#### ACTIVITY
Copy out the listing that follows exactly, dropping every picture.
::: INFORMATION PROVIDED :::
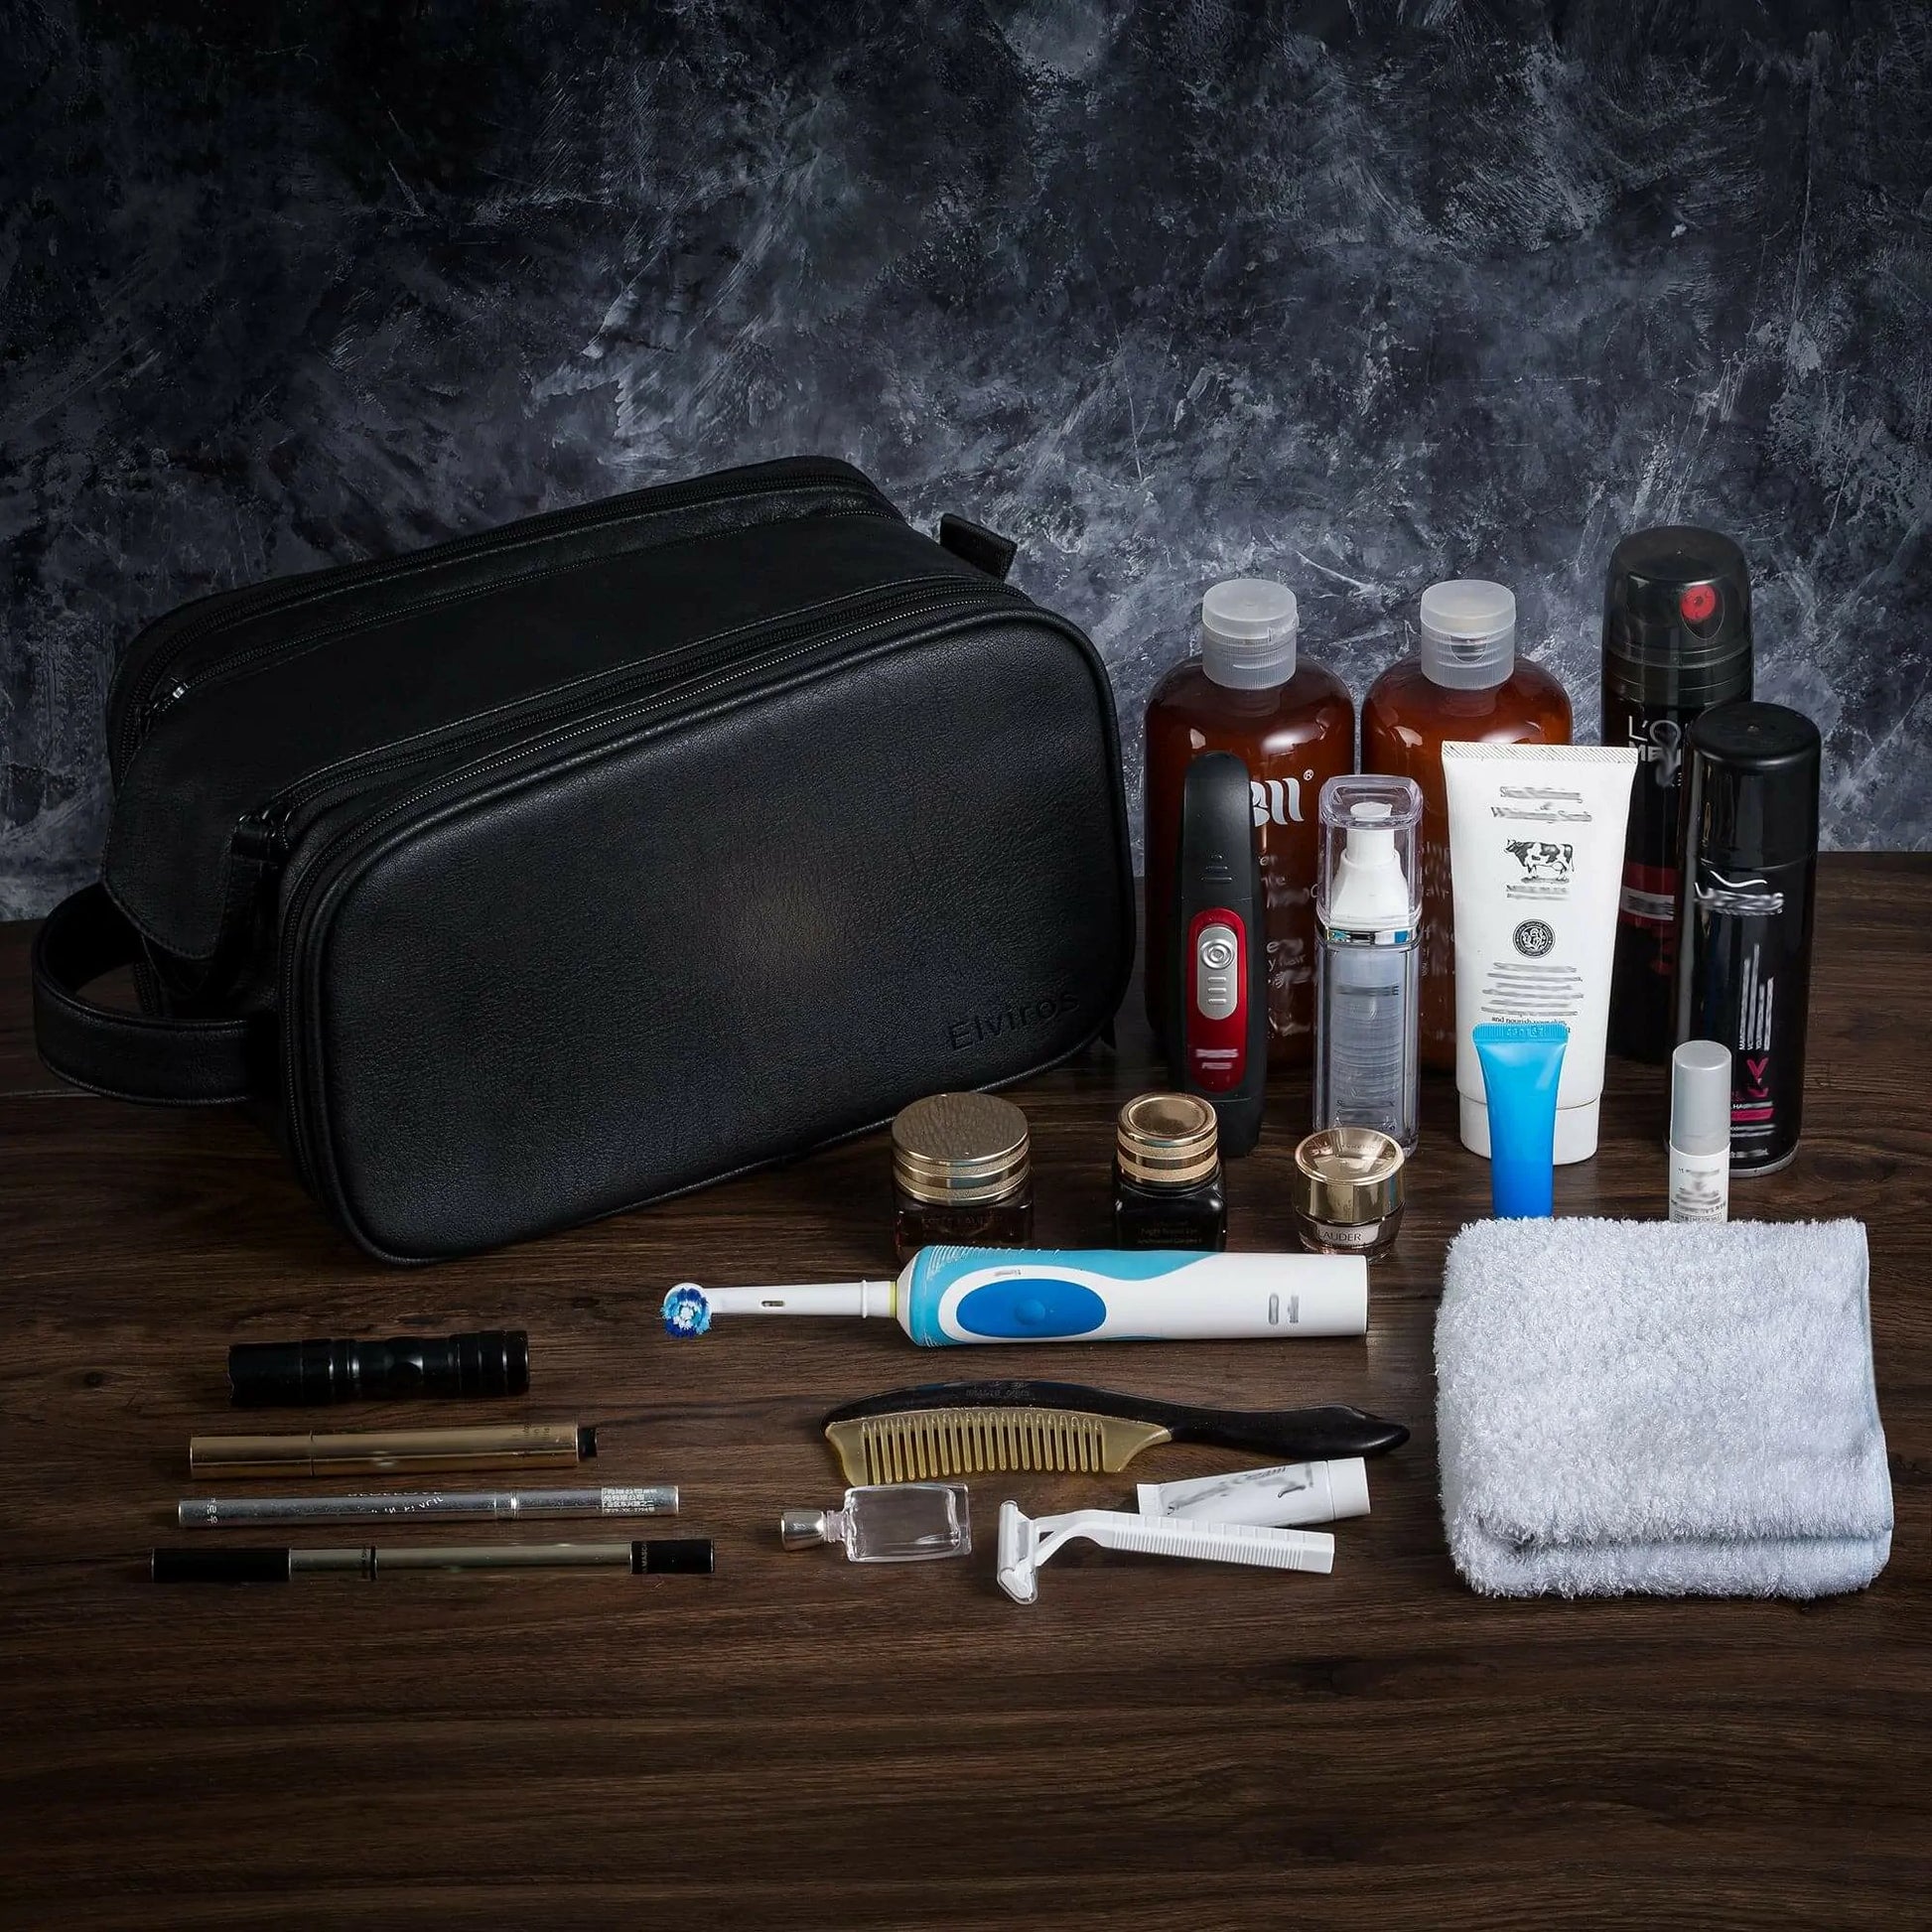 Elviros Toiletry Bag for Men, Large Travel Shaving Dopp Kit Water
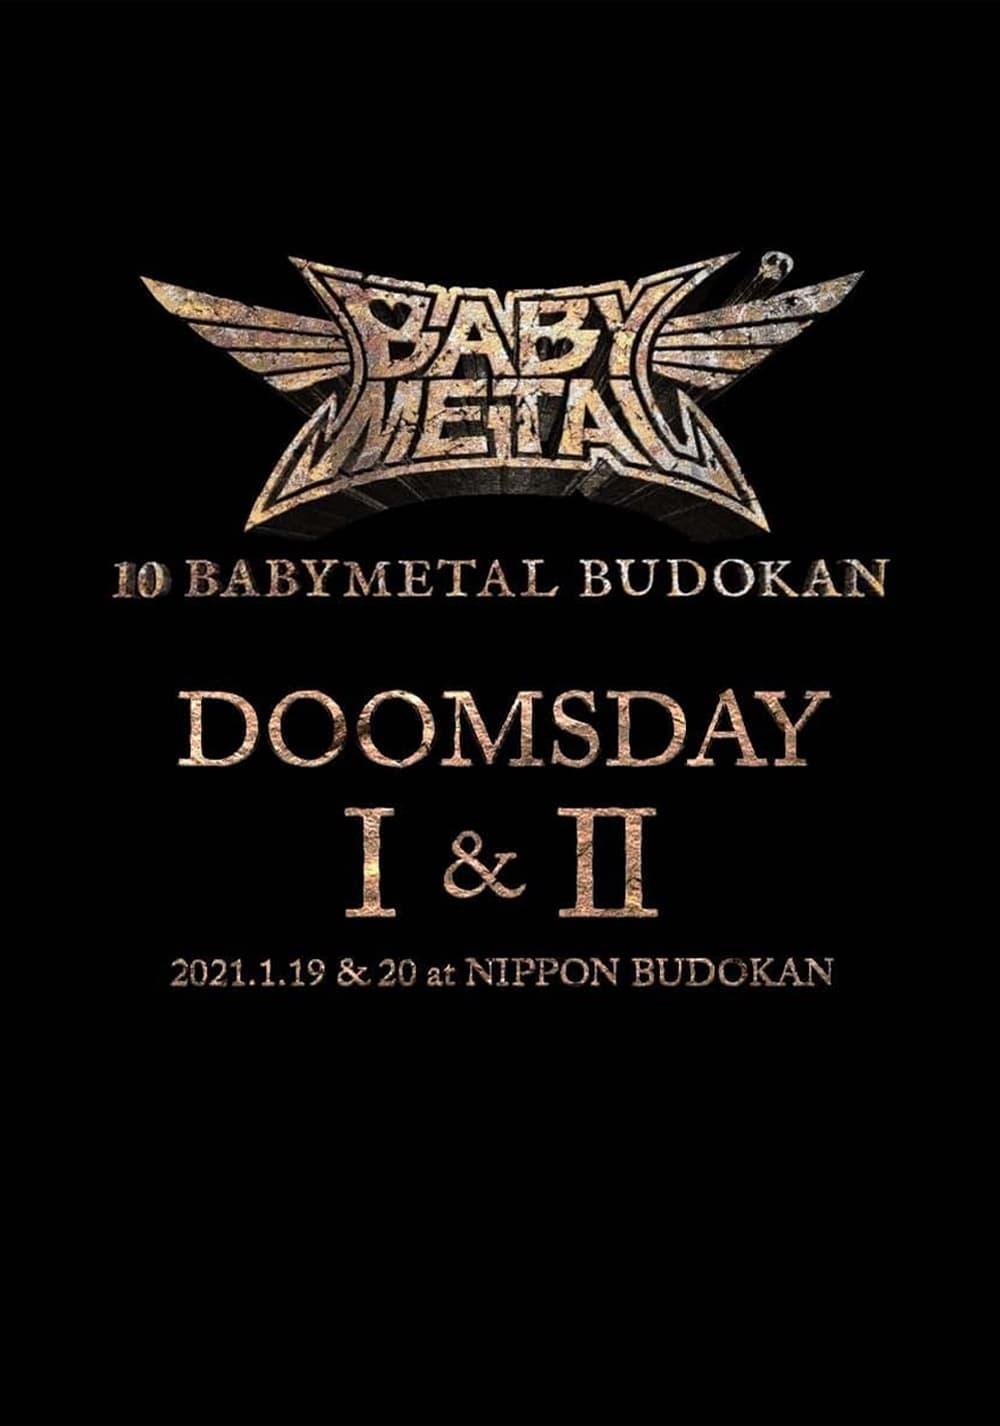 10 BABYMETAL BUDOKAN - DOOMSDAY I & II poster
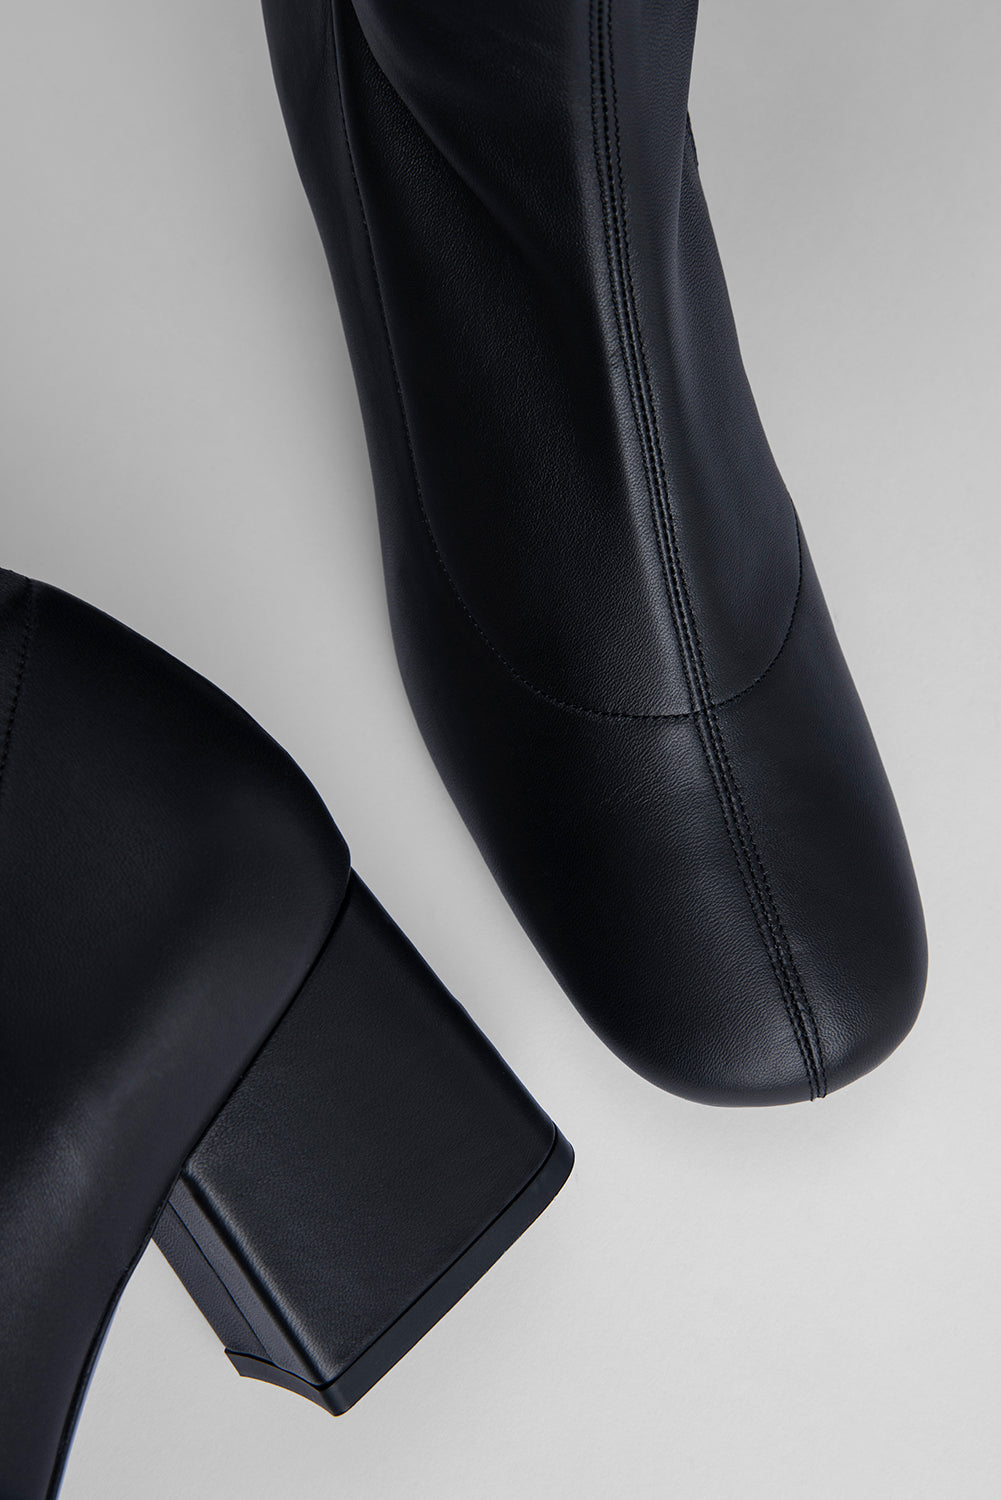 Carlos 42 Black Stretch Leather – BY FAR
:::
#### SOLUTION FOR THIS TASK
 Elviros Toiletry Bag for Men, Large Travel Shaving Dopp Kit Water
 10 BABYMETAL BUDOKAN - DOOMSDAY I & II poster
 Carlos 42 Black Stretch Leather – BY FAR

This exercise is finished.